何度かミナさんにもお母さんみたいと言われたことがあるけど、やっぱりそこはお母さんなのか。せめてお父さんにならないものかと思ったが赤井と同じにされるのは癪で、それならお母さんな方がいいのかもしれないなんて考える。

「…でもね、…やっぱりね、あむろさんはお母さんじゃないなって」
「うん?」

もごもごと口篭りながら告げられた言葉に目を瞬かせる。
ミナさんは少し身を捩っていたが、ちら、と俺を見上げて言った。

「…私が大きくなったら、あむろさんのお嫁さんになりたいなって。…えへへ、あむろさんすごくかっこいいんだもん。だからね、私が大きくなるまで待っててね」

約束、なんて言った彼女は、言い終わったことに満足したのか俺の胸に頬を寄せてあっさりと寝息を立て始めてしまった。
俺自身は硬直したまま動けないというのに、だ。

なんだ、今のは。
お嫁さんになりたい、なんて。寝る直前になんて爆弾を落としてくれたのだろう。柄にもなく顔は熱いし、変な汗が出てきた気がする。

「…くそ、」

そっと彼女の体を抱き寄せる。大きくても、小さくても、俺にとって世界でただ一人の愛おしい人に変わりはない。
こんな形ではあるが、幼い日の彼女と触れ合えたこと自体には感謝している。本来なら絶対に忘れ知り得なかった彼女の幼少期。写真すら見たこともなかったから、嬉しくないわけがない。
そっとミナさんの額に唇を寄せて、胸いっぱいの愛おしさを噛み締めた。


──────────


翌日にはミナさんの体は元に戻ったのだが、小さくなっていた時の記憶はすっぱり消え去っていた。
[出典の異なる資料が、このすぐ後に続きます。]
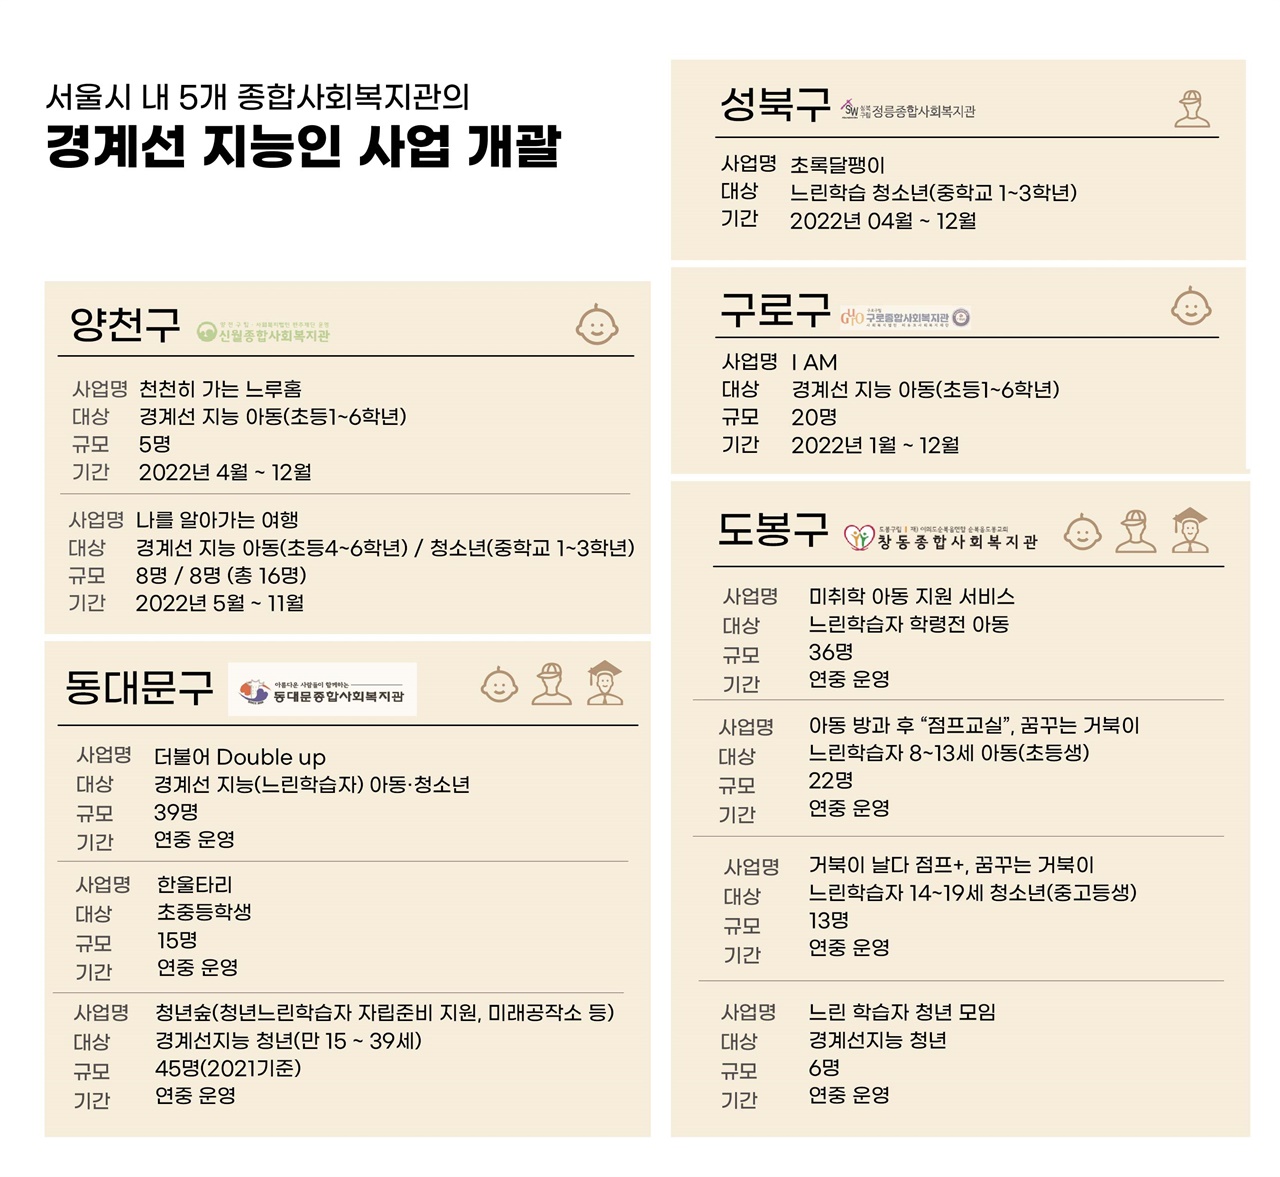 2022년 9월 29일 기준 서울시 내 5개의 종합복지관 경계선 지능 사업 개괄

「なんだか寝過ぎちゃったみたいで…ごめんなさい、なんかあんまり覚えてないんです」
「疲れていたんですよ。体調、悪かったんでしょう?今日はゆっくり休んでくださいね」

申し訳なさそうにベッドに横になるミナさんの頭を撫でる。すると、彼女は少し体を震わせてくすくすと笑った。
やっぱり、変わらないな。昔の彼女も、今の彼女も。
まるで白昼夢のような、ほんの短い間の出来事。けれど、だからといってあの約束がなくなったわけじゃない。
小さな彼女との約束を、守らなくちゃならないな。
何も知らずに笑う彼女を前に、俺は頬を緩めた。